Do try to include some things in your life that make you happy. Go to funny movies (laughter, too, can make you feel better), take walks in pretty places, spend time with friends who are interesting and lively, or read bedtime stories to your children or to someone else’s children.
Depression
Sadness and depression are normal, but depression goes beyond sadness. When you are depressed, you tend to feel a sense of hopelessness. You’re convinced that things will never be good again. Some signs and symptoms of depression include:
- A change in sleep habits. You sleep all the time, you wake up too early, or you can’t fall asleep.
- A change in eating patterns. You find yourself eating too much, or you don’t feel like eating at all.
- Weight loss or gain
- Lack of energy
- Loss of interest in things you used to enjoy
- Feelings of worthlessness or hopelessness
- Thoughts about suicide
If you think you may have depression, you need to get help. Depression is a real illness and can have serious effects. People who are depressed don’t always recognize that they are depressed. If friends say you don’t seem to be yourself or ask if you are depressed, pay attention. They are giving you very important feedback. It may help for you to see a professional to determine whether you are experiencing depression. Counseling, along with medicine, could be helpful in treating your depression.
Healthy Ways To Deal With Feelings
It’s important to express your feelings, but you don’t want to let them get the best of you. Consider some of the following healthy ways to express feelings.

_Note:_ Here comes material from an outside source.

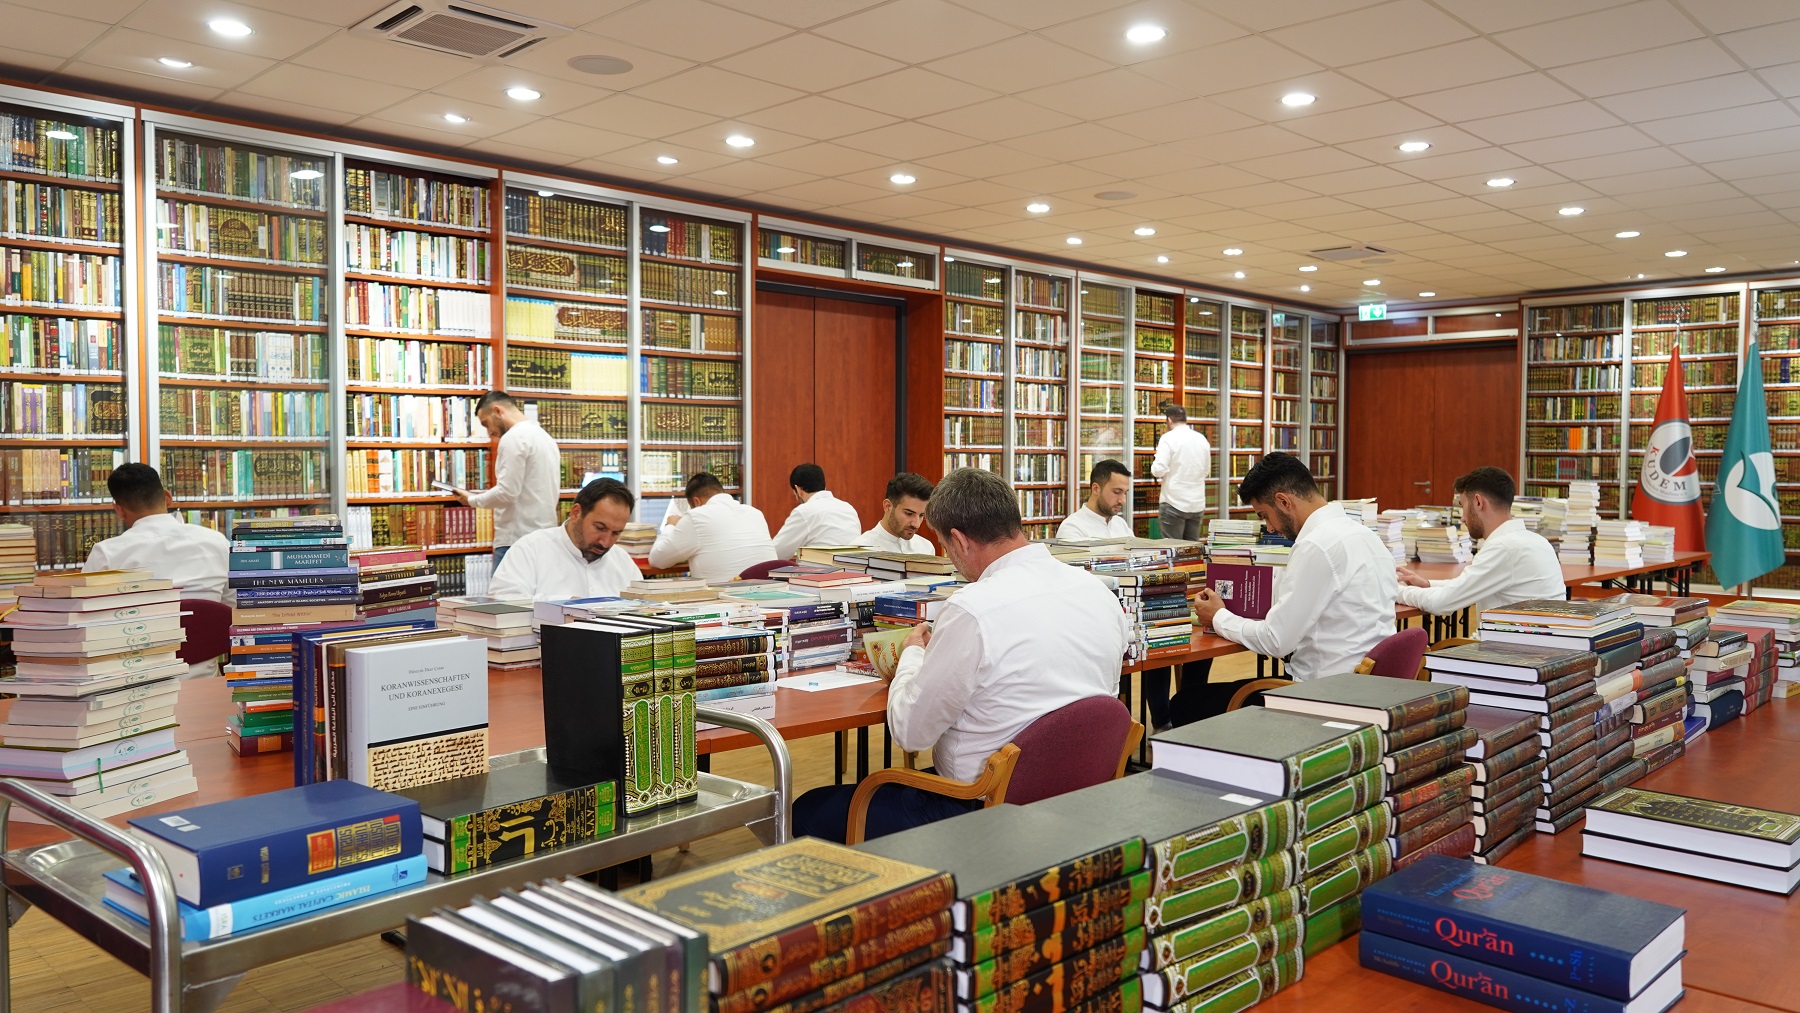 3- IFIS-IZ KUDEM library for Islamic studies 2019

- Learn or practice deep breathing exercises. Sit quietly for a few minutes each day and pay attention to your own breathing. Try to clear your mind of thoughts and feelings for this time. Just close your eyes, notice your breath, and be aware of yourself in this moment. This is a beginning form of meditation that may bring you some peace and help you get through each day more easily. If you find this helpful, you may want to learn more about meditation.
- Talk to yourself about how you feel—and recognize that it’s okay to have these feelings.

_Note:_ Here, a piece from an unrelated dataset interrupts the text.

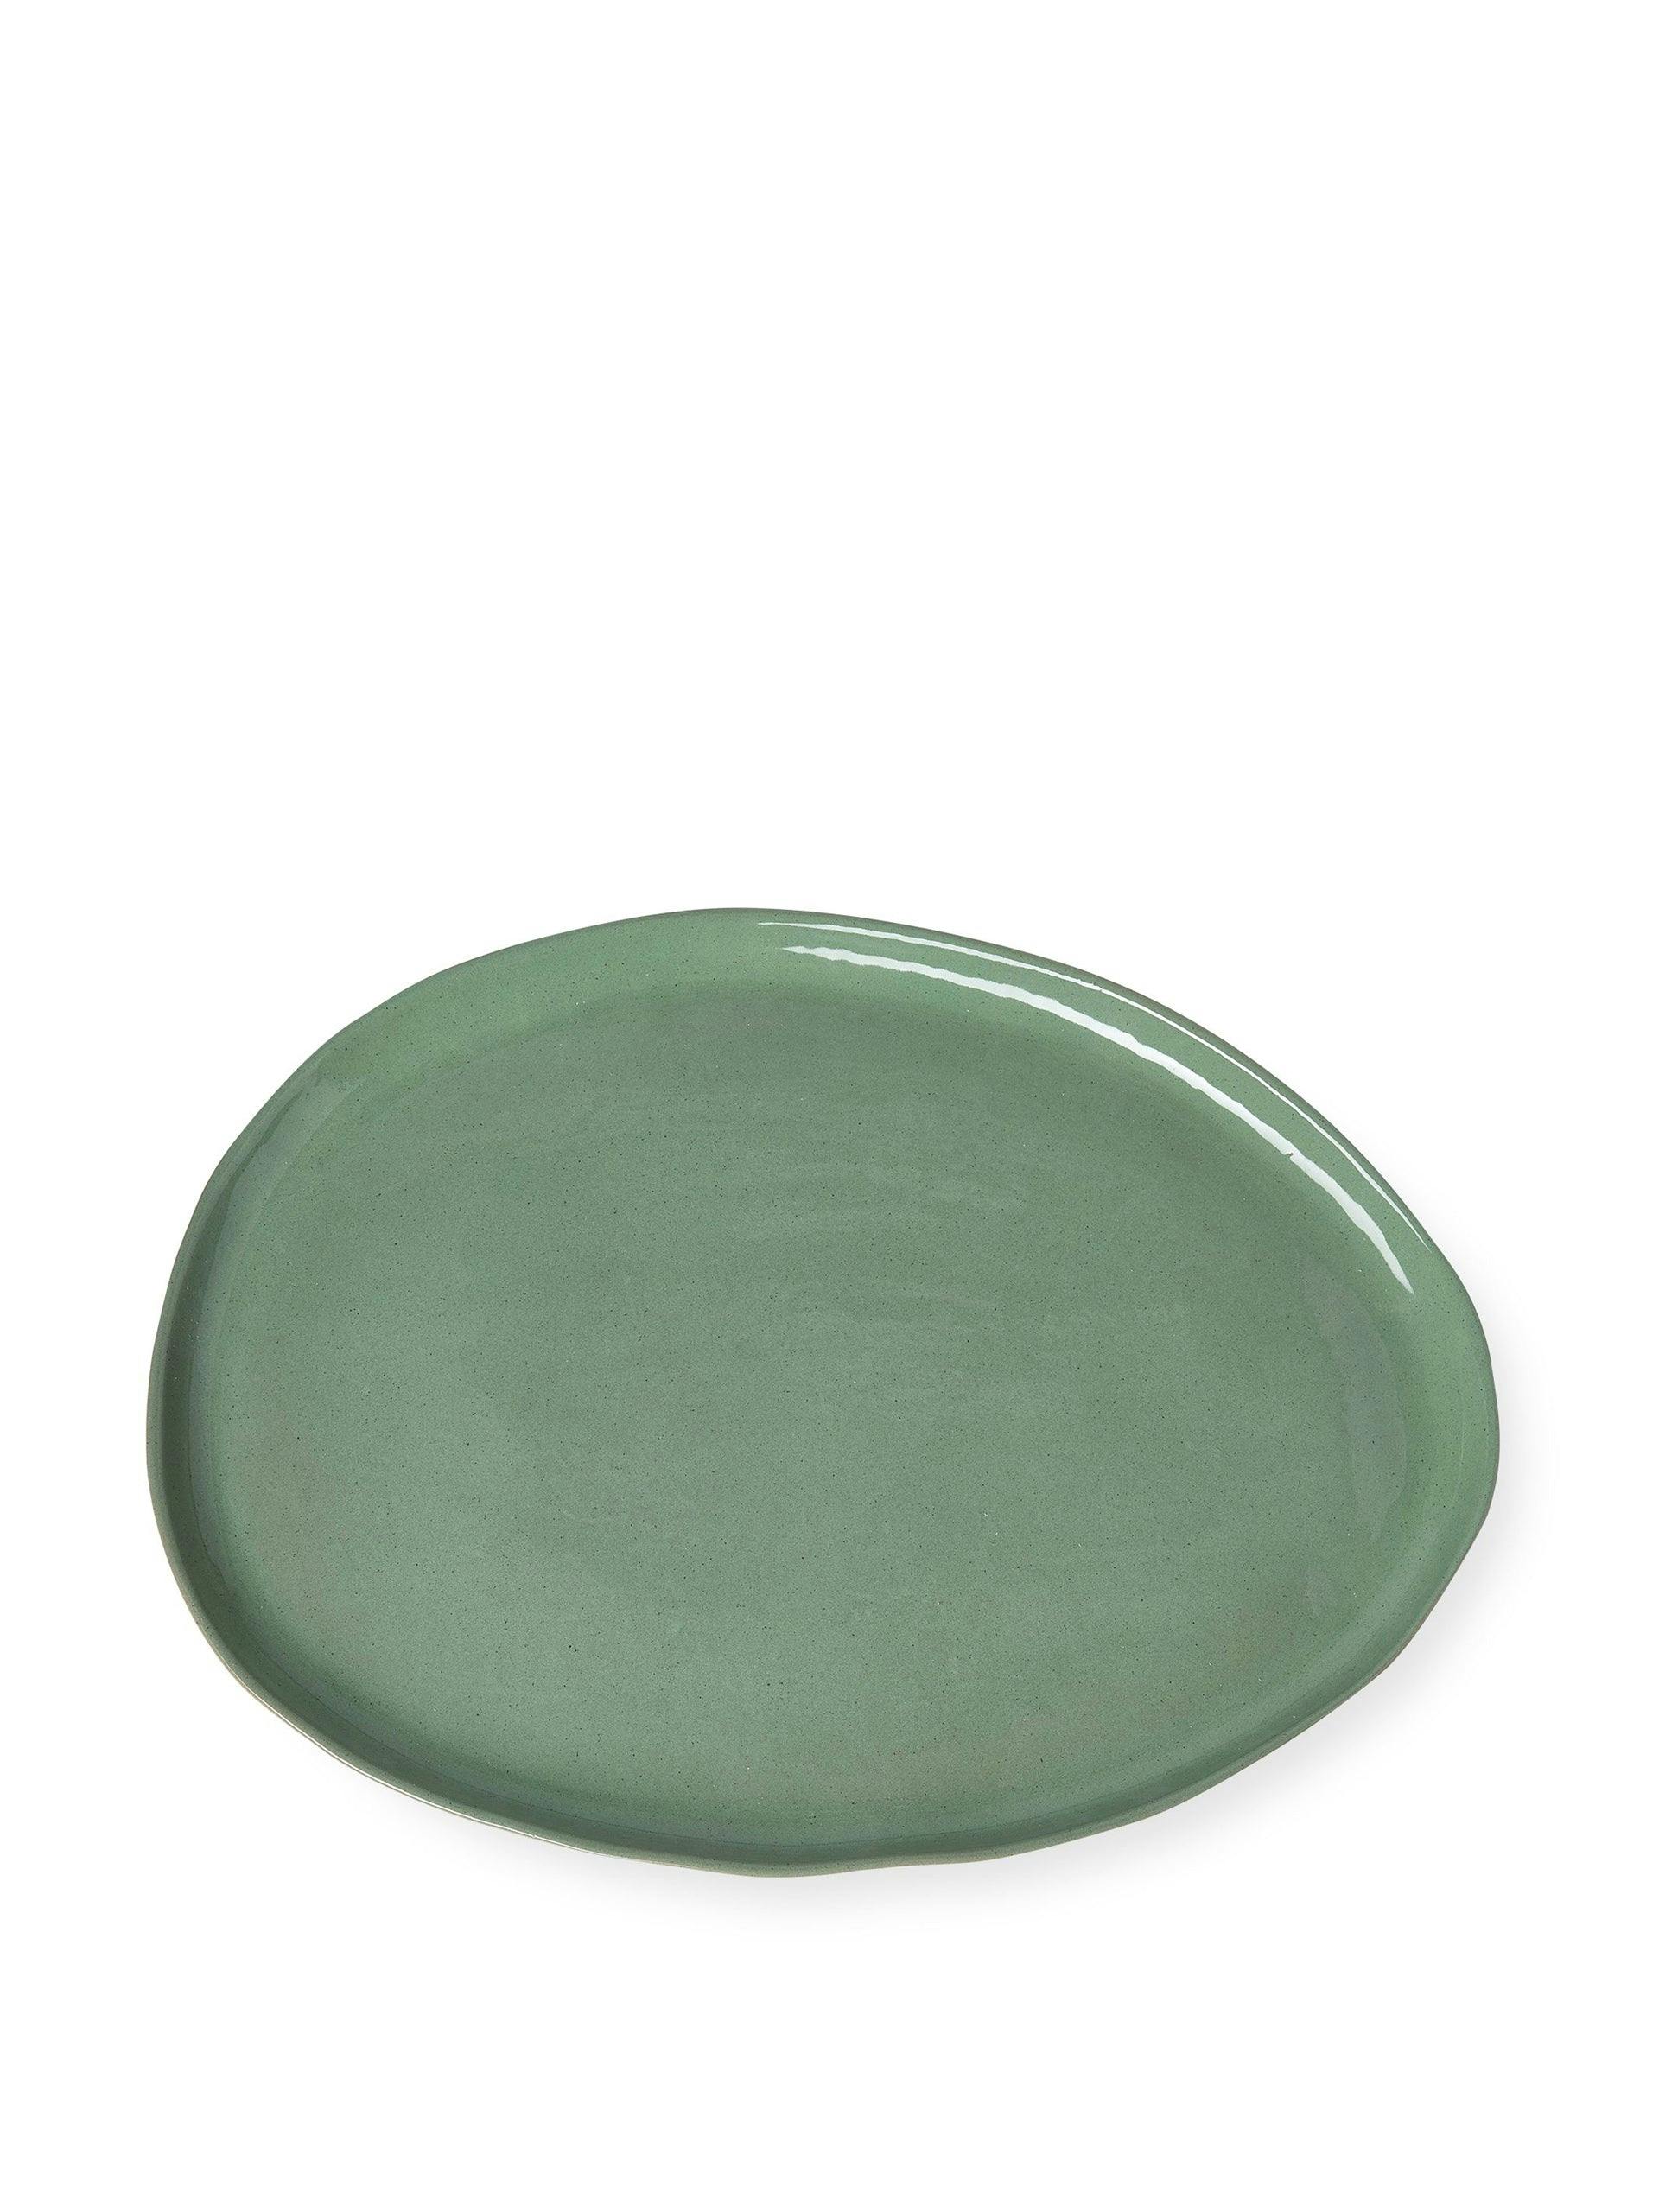 Oversized round serving platter

- Talk to other people. They can give you a reality check and provide support when you need it.
- Use what has helped you feel better in the past. If exercise is your way to let out anger, then get to the gym, go for a bike ride, or go for a walk. If pampering yourself helps you deal with sadness, then bring out the bubble bath and the scented candles, or listen to soothing music.
- Look to your spirituality. People who have a regular place of worship can find support in going to services. If you are away from home, you may want to find a local place of worship. If your spirituality is more personal and individual, find ways to explore it on your own.
- Read inspirational books. A book of meditations or prayer or books about others who have struggled with a loved one’s illness can affirm that you are not alone.